Keputusan Pierre Sage Coret Jaydee Canvot Picu Ketegangan di Markas Crystal Palace
Baca dalam 60 detik
- Manajemen Crystal Palace dikabarkan kecewa berat atas keputusan Pierre Sage mengabaikan Jaydee Canvot dari skuad saat melawan Ipswich.
- Ketegangan ini muncul hanya lima pertandingan setelah Sage ditunjuk, dengan catatan dua kemenangan dan tiga kekalahan serta 11 gol kemasukan di liga.
- Duel melawan Lech Poznan di Liga Europa menjadi ujian awal: hasil positif dan keharmonisan ruang ganti sama-sama dituntut.

Pierre Sage baru lima pertandingan menakhodai Crystal Palace, tetapi ia sudah berhadapan dengan tekanan dari dalam klub sendiri. Keputusan mencoret bek muda Jaydee Canvot dari skuad saat menghadapi Ipswich Town akhir pekan lalu memicu ketidakpuasan di kalangan petinggi The Eagles, termasuk ketua klub Steve Parish.

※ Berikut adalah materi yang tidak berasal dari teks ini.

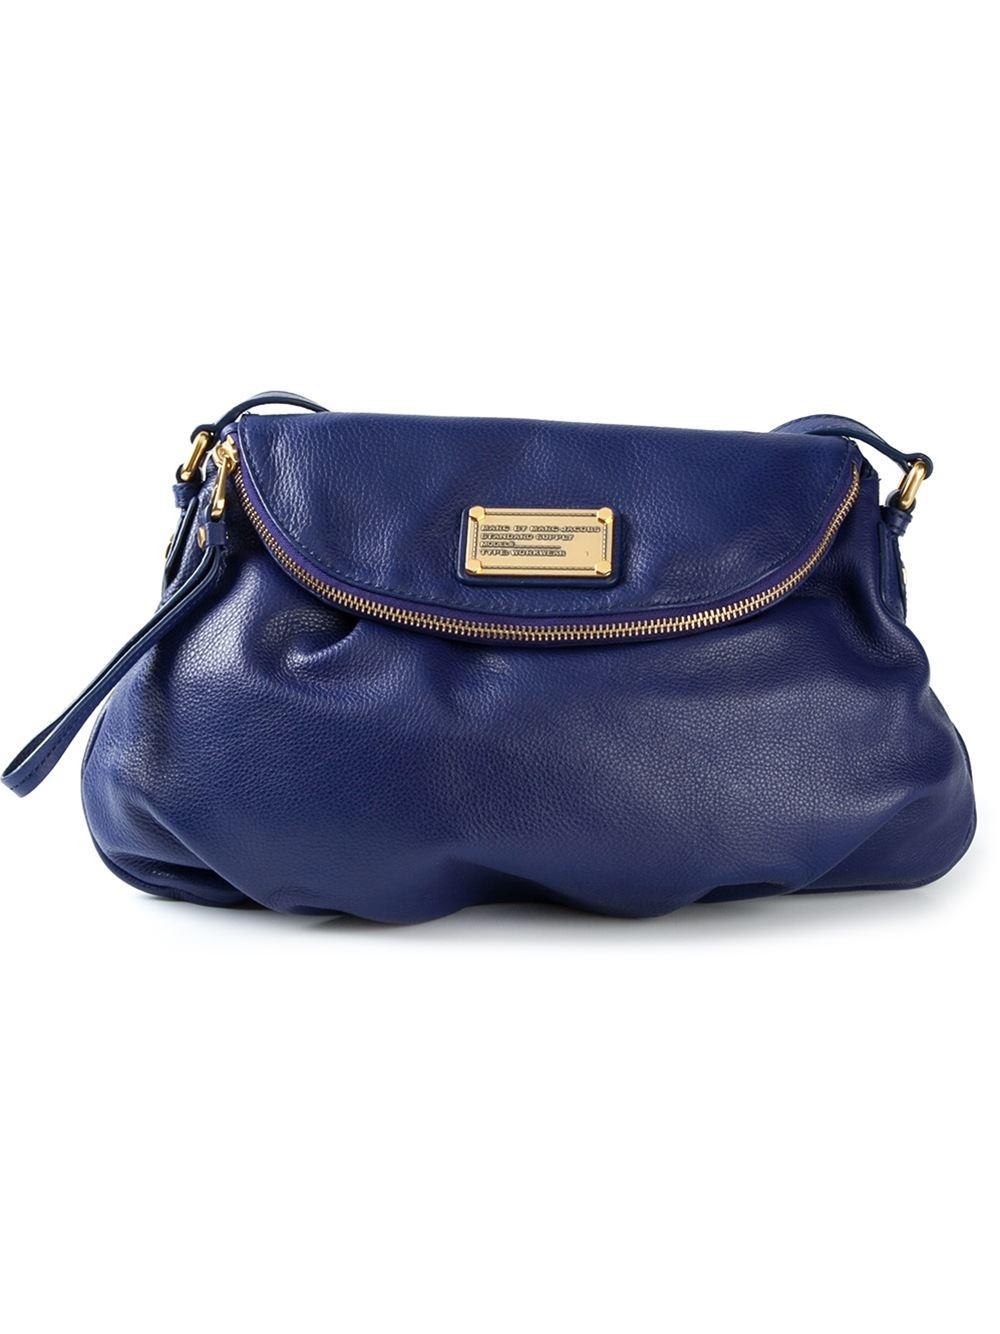 e524493a8a5a Lyst - Marc By Marc Jacobs  Classic Q Natasha  Cross Body Bag in Blue

Menurut laporan jurnalis Mail, Bobby Manzi, sejumlah figur senior di Selhurst Park menilai langkah Sage mengabaikan Canvot sebagai keputusan yang keliru. Canvot, pemain berusia 20 tahun, dianggap sebagai salah satu aset muda paling berharga milik klub. Ia tidak mengalami cedera, dan Sage secara terbuka menyatakan bahwa penyingkiran tersebut murni alasan taktik—sebuah pesan bahwa setiap pemain harus memenuhi standar untuk dipilih.
Keputusan itu menjadi sorotan karena Palace baru saja menelan kekalahan 3-2 dari Ipswich di hadapan pendukung sendiri. Axel Disasi dikartu merah pada babak pertama, dan meski Anan Khalaili sempat membawa tuan rumah unggul serta Jorgen Strand Larsen menyamakan kedudukan, Zian Flemming mencetak gol kemenangan Ipswich di menit-menit akhir. Hasil itu memperpanjang tren buruk: dua kemenangan dan tiga kekalahan dari lima laga awal Sage, dengan 11 gol bersarang di gawang Palace dalam empat pertandingan liga.

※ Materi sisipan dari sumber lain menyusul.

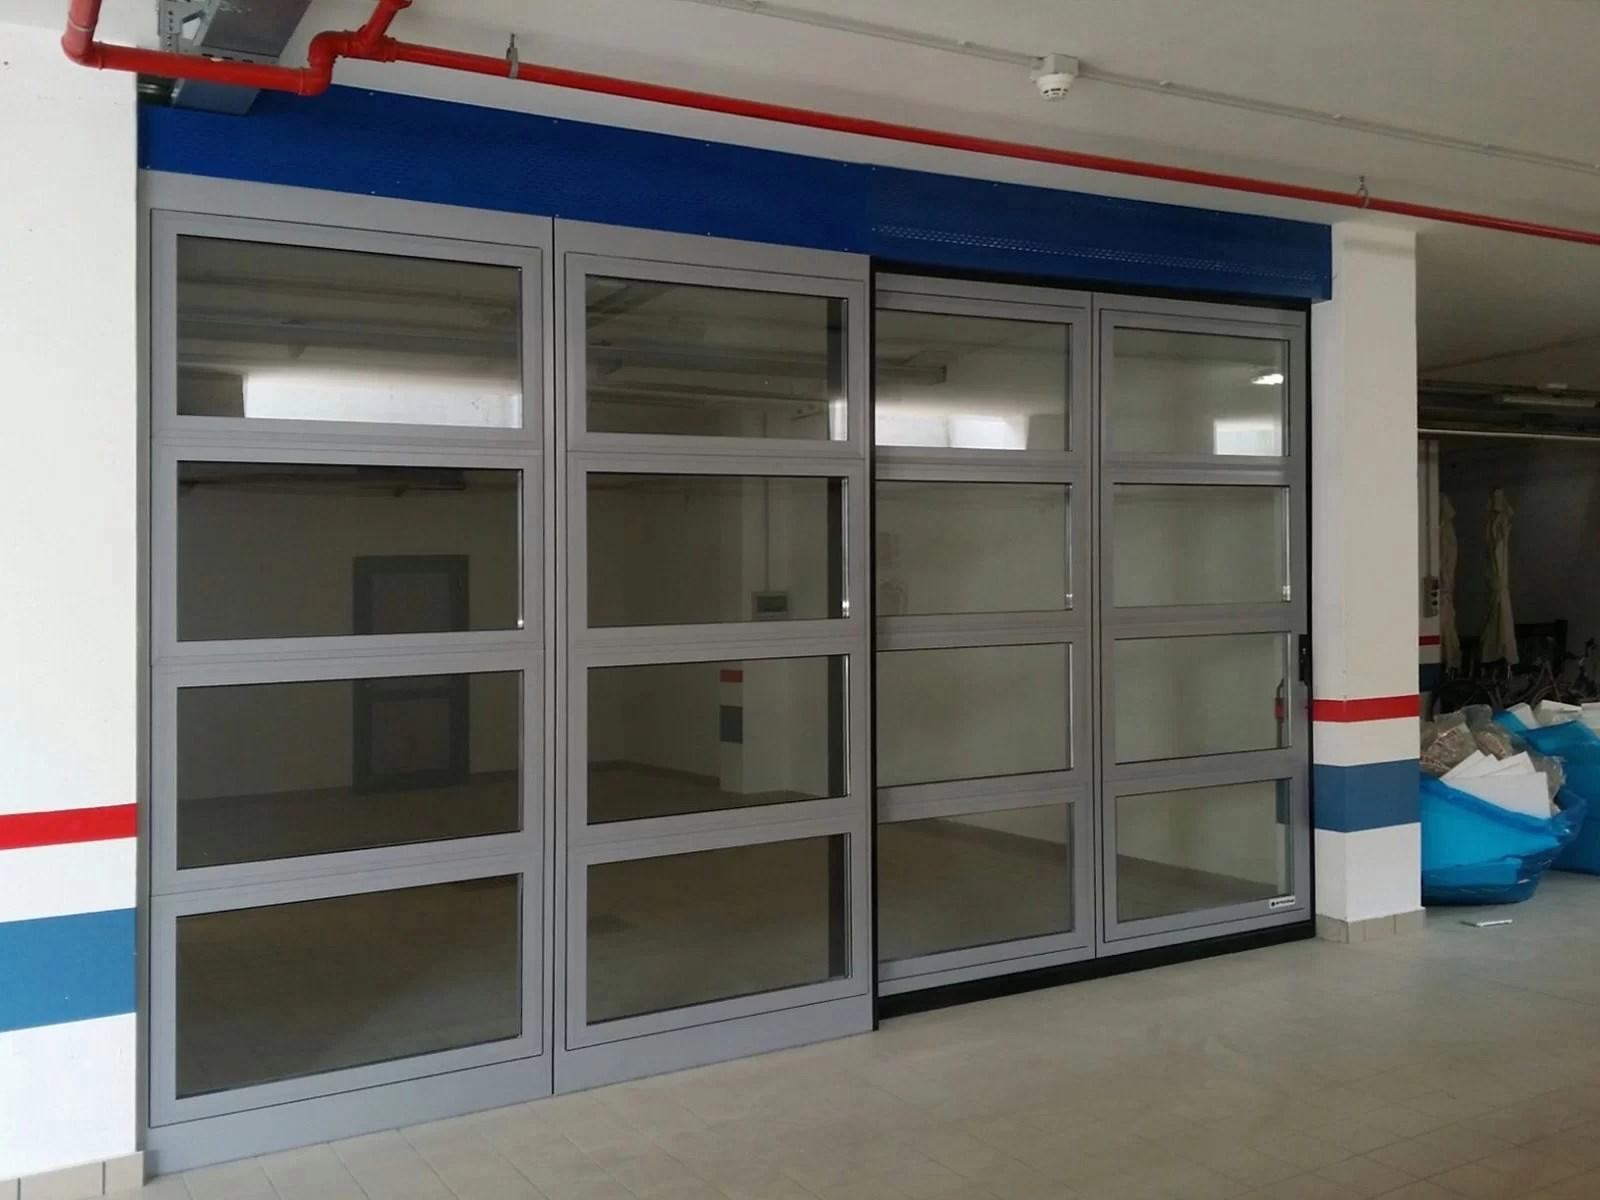 Portone scorrevole industriale ATLANTE - Grigio RAL 9006 con vetrature

Ketidakpuasan dari jajaran direksi menandai babak baru dalam dinamika internal klub. Sage memang diharapkan meneruskan fondasi yang ditinggalkan Oliver Glasner, yang hengkang setelah mempersembahkan trofi dan mengubah ekspektasi di Selhurst Park. Namun, pertanyaan mengenai pemilihan pemain muncul begitu cepat—sebuah indikasi bahwa ruang kesabaran di level manajemen tidak selebar yang mungkin dibayangkan.
Bagi penggemar sepak bola Indonesia, polemik di Crystal Palace ini menjadi cermin bagaimana tekanan manajemen dan ekspektasi suporter bisa berbenturan dengan otoritas pelatih. Di Liga 1, kasus serupa kerap terjadi ketika pelatih mencoret pemain muda berbakat demi alasan disiplin atau taktik, lalu memicu reaksi dari manajemen dan suporter. Sage menghadapi ujian serupa: ia ingin menegakkan standar, tetapi harus menjaga hubungan baik dengan pemilik klub yang memiliki kepentingan jangka panjang terhadap aset muda.
"Ini adalah keputusan sepak bola berdasarkan performa pemain di Fulham dan kerja keras selama sepekan," ujar Sage dalam konferensi pers pascapertandingan, seraya menegaskan telah berbicara langsung dengan Canvot dan berharap respons positif di sesi latihan berikutnya.
Posisi Sage untuk saat ini tidak dalam ancaman langsung. Namun, laporan mengenai kekecewaan petinggi klub menjadi peringatan dini bahwa ia tidak hanya dituntut meraih hasil, tetapi juga mengelola ego dan ekspektasi internal. Dengan Liga Europa dimulai melawan Lech Poznan pada Kamis, Sage membutuhkan kemenangan untuk meredakan ketegangan sekaligus membuktikan bahwa keputusannya memiliki dasar kuat.
Yang menarik untuk dicermati adalah bagaimana Sage dan Canvot menyelesaikan friksi ini. Jika Canvot merespons dengan performa gemilang, narasi akan berbalik menjadi bukti ketegasan Sage. Sebaliknya, jika hasil buruk berlanjut, tekanan dari dalam klub bisa membesar. Akankah manajemen Crystal Palace memberi Sage ruang untuk membangun, ataukah intervensi terhadap keputusan taktik akan menjadi preseden buruk bagi stabilitas jangka panjang klub?